In diesem Buch geht es eher um das davor. Die meiste Zeit handelt es darum, wie sie sich näher kommen, sich kennen - und lieben lernen. Das hat mir sehr gut gefallen. Es gab auch sehr lustige Momente, in denen sich Wills Freunde über ihn lustig machen, weil sie ihn so noch nie gesehen haben. Aber dann waren da diese Sachen, die mich wahnsinnig gemacht haben. Die beiden haben ständig aneinander vorbeigeredet. Dieses hin und her war mir bei Beautiful Stranger doch ein wenig zu viel des Guten. Er mag sie, sie mag ihn. Er sagt ihr, dass er sie mag, sie denkt das er denkt, er müsse das sagen und erklärt ihm das für sie „nur Spaß“ in Ordnung ist und sie gar nicht mehr möchte. Er tut so, als sei das in Ordnung und sie wird zickig deshalb. Also einmal hin und her hätte gereicht, aber es wurde leider irgendwann ein wenig nervig. Manchmal ist es besser, wenn man über seine Gefühle spricht und dabei bleibt. Nicht das es einfach wäre. Man möchte ja auch nicht Enttäuscht oder verletzt werden, aber es kann helfen.

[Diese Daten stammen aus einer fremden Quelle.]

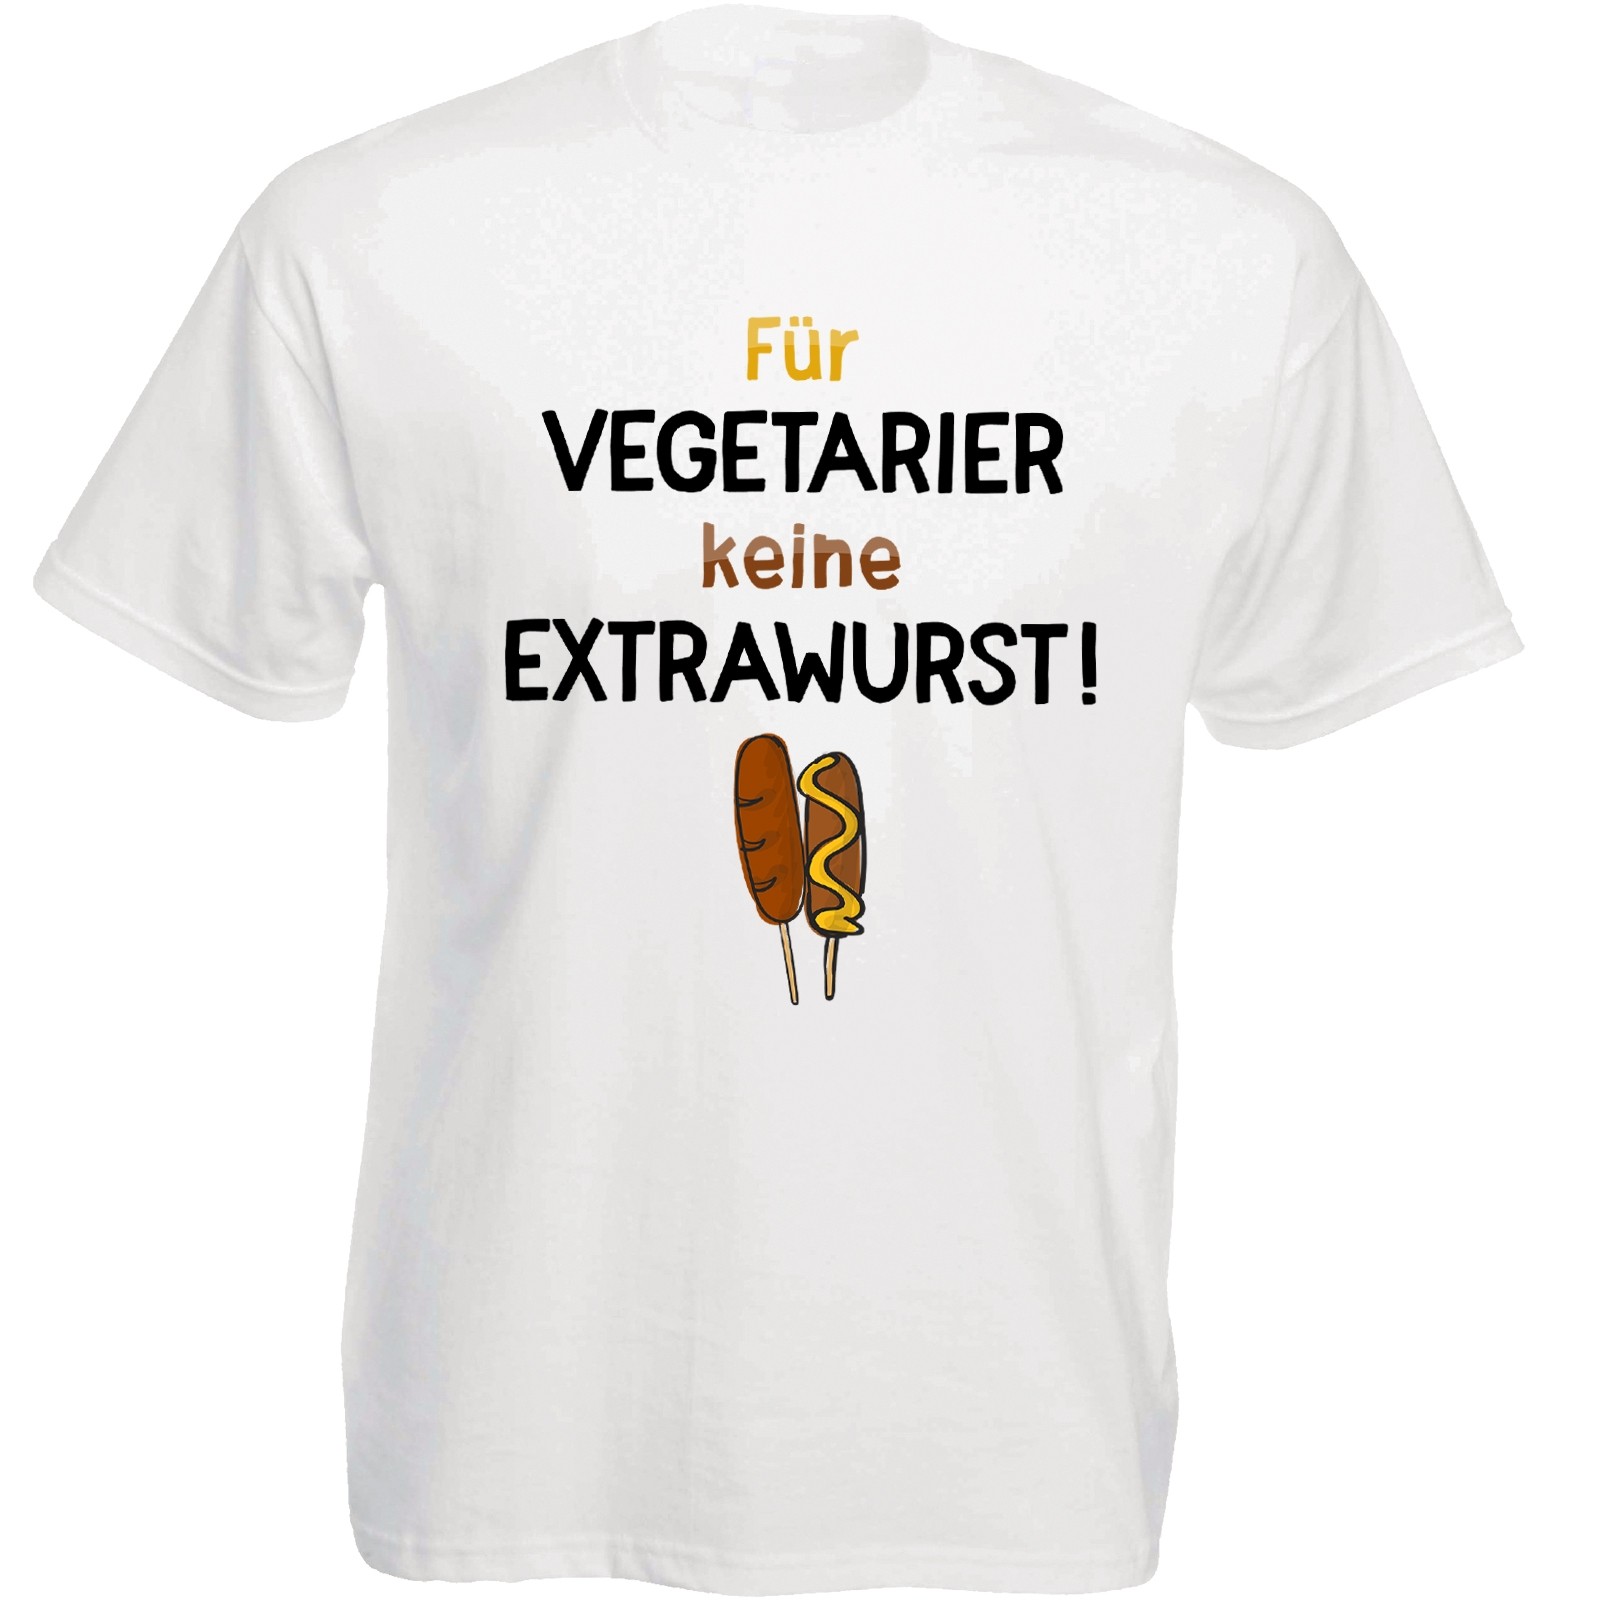 Funshirt weiß oder schwarz, als Tanktop oder Shirt - Für Vegetarier keine Extrawurst!

Ich habe so lange auf den ersten Sex der beiden hin gefiebert, dass ich dann richtig enttäuscht vom eigentlichen Akt war. Vorher hatte Hanna nie einen Orgasmus beim Sex mit einem Mann. Aber Will ist die reinste Granate. Sie kommt innerhalb von 30 Minuten gleich 3 oder 4 Mal. Ich kam bei den ganzen Orgasmen gar nicht mehr richtig mit....

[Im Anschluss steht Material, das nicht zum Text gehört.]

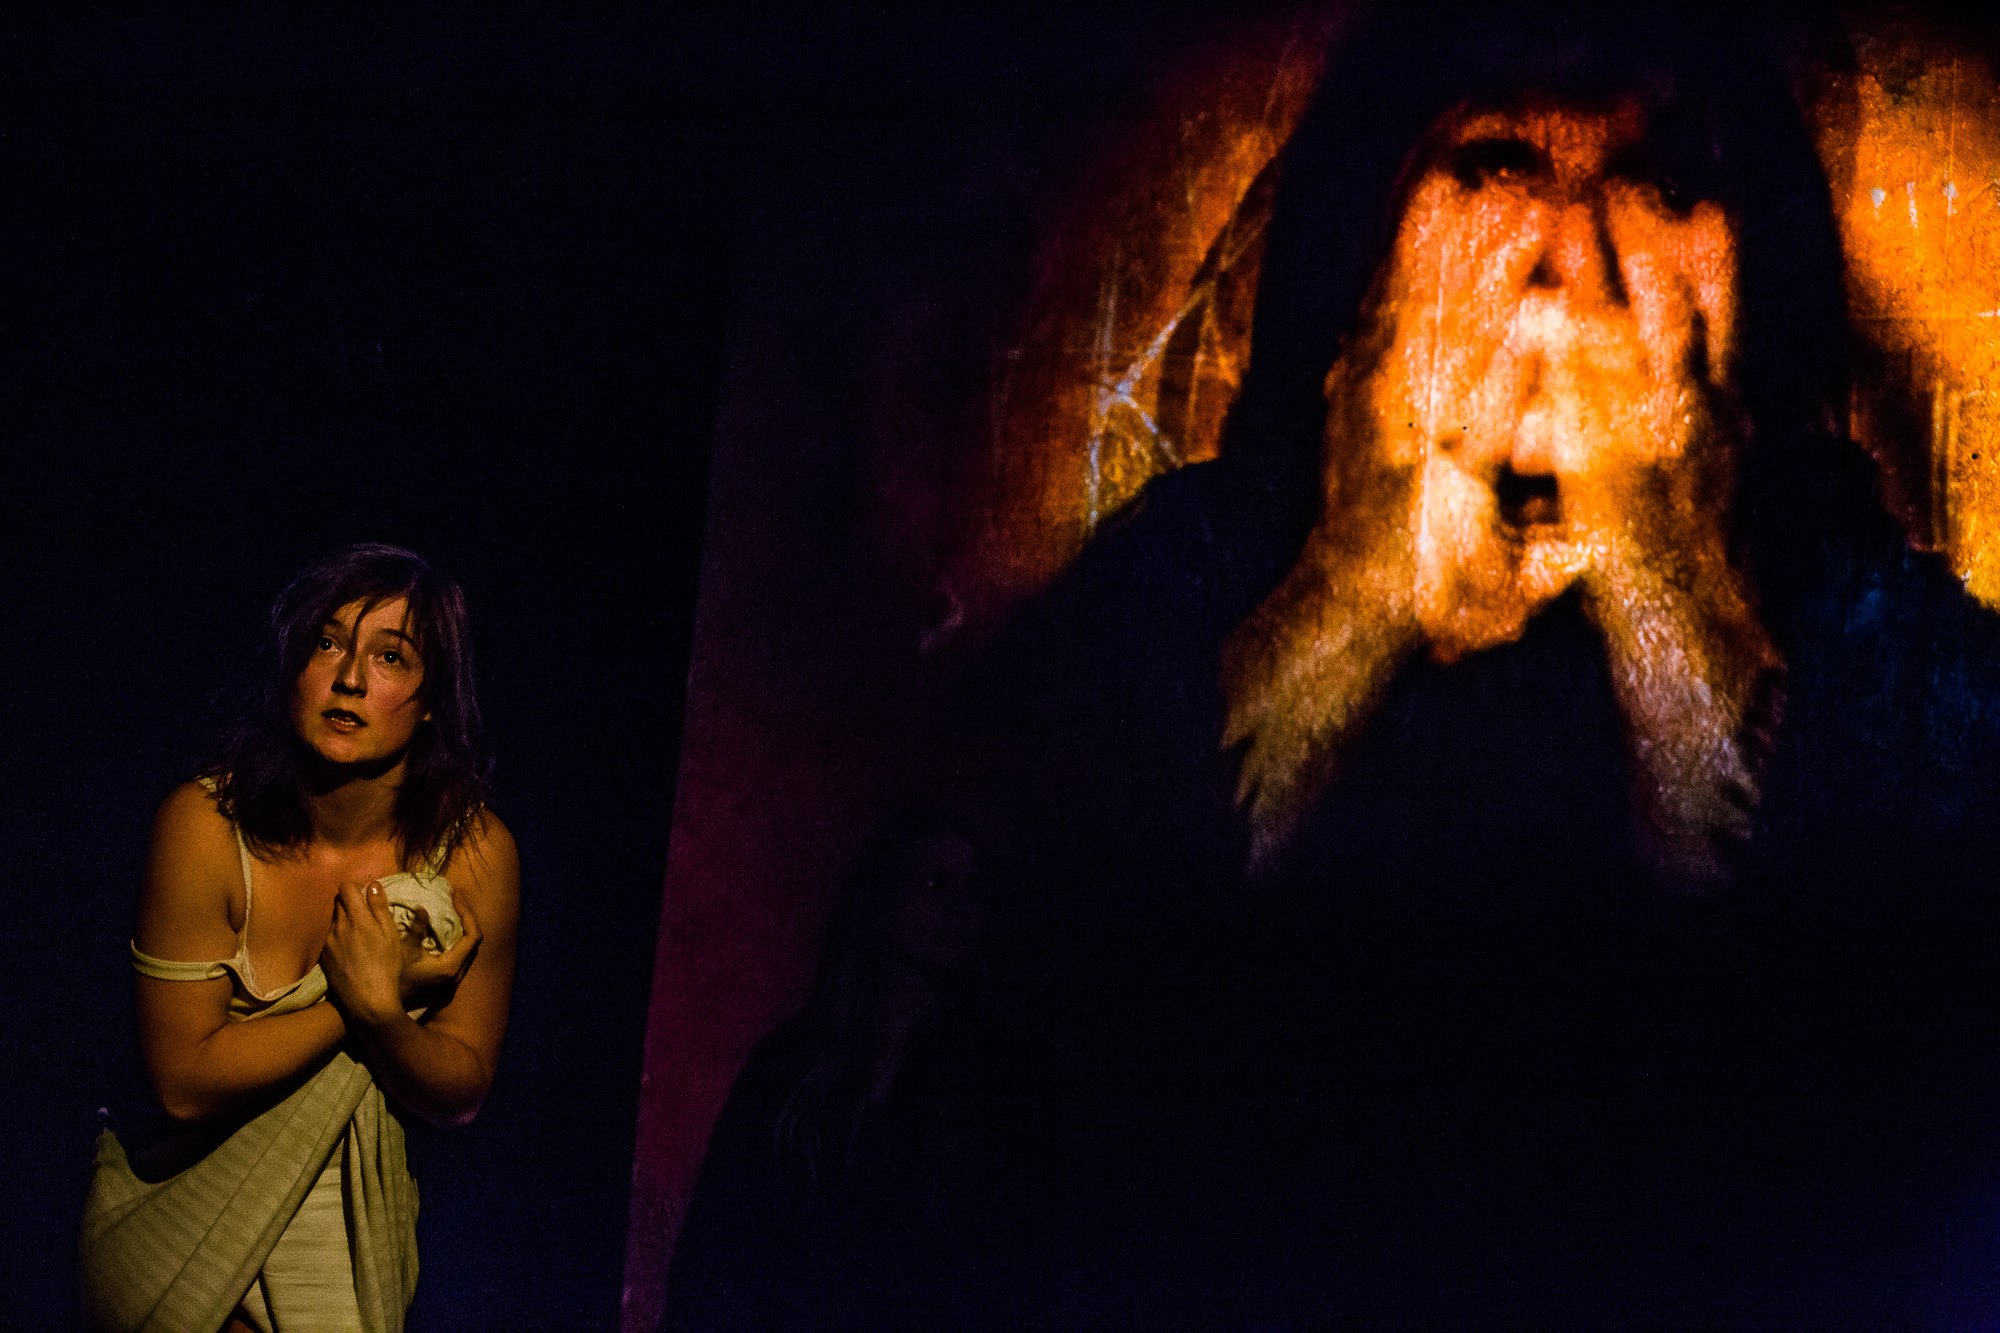 Teatr Barakah, Requiem, fot. Piotr Kubic (źródło: materiały prasowe)

Mal ehrlich. Natürlich erwarte ich nicht das in einem Erotikroman irgendetwas davon steht, das die Frau keinen Orgasmus bekommt und ich denke auch, das man mit dem richtigen Partner einen Orgasmus bekommen kann, oder mehrere. Das stelle ich gar nicht in Frage, aber ein wenig Realismus erwarte ich schon.
Schön ist es, das man die Charaktere aus den Vorbüchern wieder trifft, da Max, Sara, Bennett, Chloe und Will eine richtige Clique sind. Die Charaktere an sich haben mir sehr gut gefallen. Aber bei Beautiful Player muss ich ganz ehrlich sagen, dass mir die Vorgeschichte besser gefallen hat, als das, was kam, als es endlich losging mit der Erotik.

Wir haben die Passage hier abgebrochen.